Нашлись консервы. Они закусили. Она расспрашивала его, как дела «Анархии». Он говорил слегка насмешливо. Скольких уже посадили! И самое смешное то, что всё людей, не имеющих никакого отношения к делу. Он безгранично восхищался другими, настоящими. Кто они, сколько их — об этом он умалчивал. Но всё-таки он гордился тем, что играл какую-то роль в Шантильи. Что он теперь будет делать? Да ничего, пускай о нём забудут. У него есть немножко денег, он проберётся в Бельгию. И даже если его схватят — небольшая потеря. Выжатый лимон. Недолго ему осталось жить.
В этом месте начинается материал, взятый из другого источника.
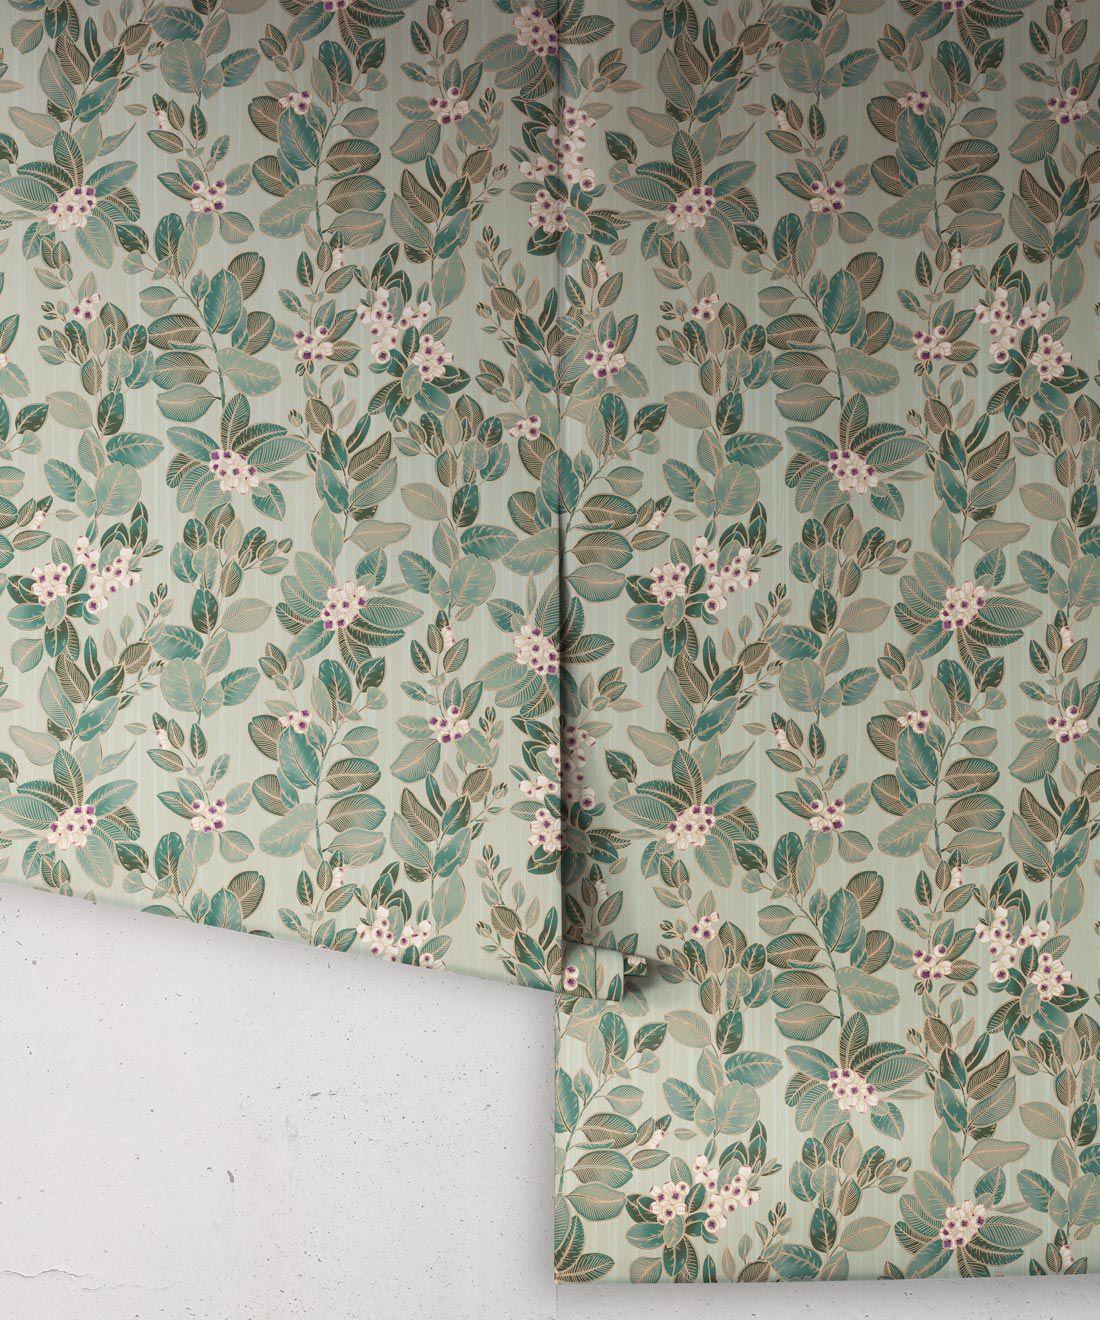 Eucalyptus Wallpaper • Eloise Short • Vintage Floral Wallpaper •Granny Chic Wallpaper • Grandmillennial Style Wallpaper •Pale Green •Rolls

— Это слова, — сказала Катерина. — Доктора меня приговорили, а я вот не умерла.

— Ну, если меня приговорят…

И он сделал жест, словно провёл ножом по горлу. Суди подмигнул Катерине и рассмеялся. Мальчик немножко хвастался. Когда они поели, они разговорились о прошлом, о Либертаде. О тысяче вещей. О любви. Как обычно, началось со скептических разговоров о половом воспитании. Потом Суди рассказал свою историю. Он знает, что такое любовь. Они прожили вместе два года. Она бросила его. Пошла по рукам. Через год он встречает её. Она — нарядная, намазанная, изумительная. Такая же, как прежде, и всё-таки другая. Он взял её к себе на несколько дней. Она исчезла, а у него оказался сифилис. Любовь…

Кто-то стучал в дверь. Кто это, в такой час? Катерина быстро толкнула Суди, с пакетом и чемоданом, в заднюю комнату. Потом открыла. Позади комиссара Берка стоял несомненно полицейский в штатском. И симпатичный господин Безедье.

Видели, что к ней вошёл человек… Ну и что же? Сейчас как раз кого-то ищут, и мадемуазель Симонидзе была бы очень любезна… Нет. Она отвечала сухо, она у себя дома, никто не имеет права. Штатский толкнул её плечом, сопротивление было бесполезно. Они осмотрели комнату и немедленно направились туда, где находился он.

Катерина ясно чувствовала, что она должна что-то сказать:

— Ваше поведение недопустимо, покажите мне ордер…

Господин Безедье, потрясая кулаком, что-то бормотал. Полицию несомненно вызвал он. Но легавый уже открыл дверь в другую комнату: там никого не было. Суди бежал через открытое окно. Полицейские ретировались, извиняясь, но не вполне успокоенные. Безедье был вне себя:

— Я вас уверяю, господин комиссар…

На следующее утро, в субботу, у входа в домик железнодорожника Барая «человек с винтовкой» попал в западню: операцию проводил сам Жуэн с комиссаром по особым делам, Эскандом. Его арестовали на вокзале.

К досье Симонидзе (Катерины) прибавился ещё один параграф. Но пришить её к этому делу было трудно. Суди заявил, что он прямо с вокзала отправился к железнодорожнику.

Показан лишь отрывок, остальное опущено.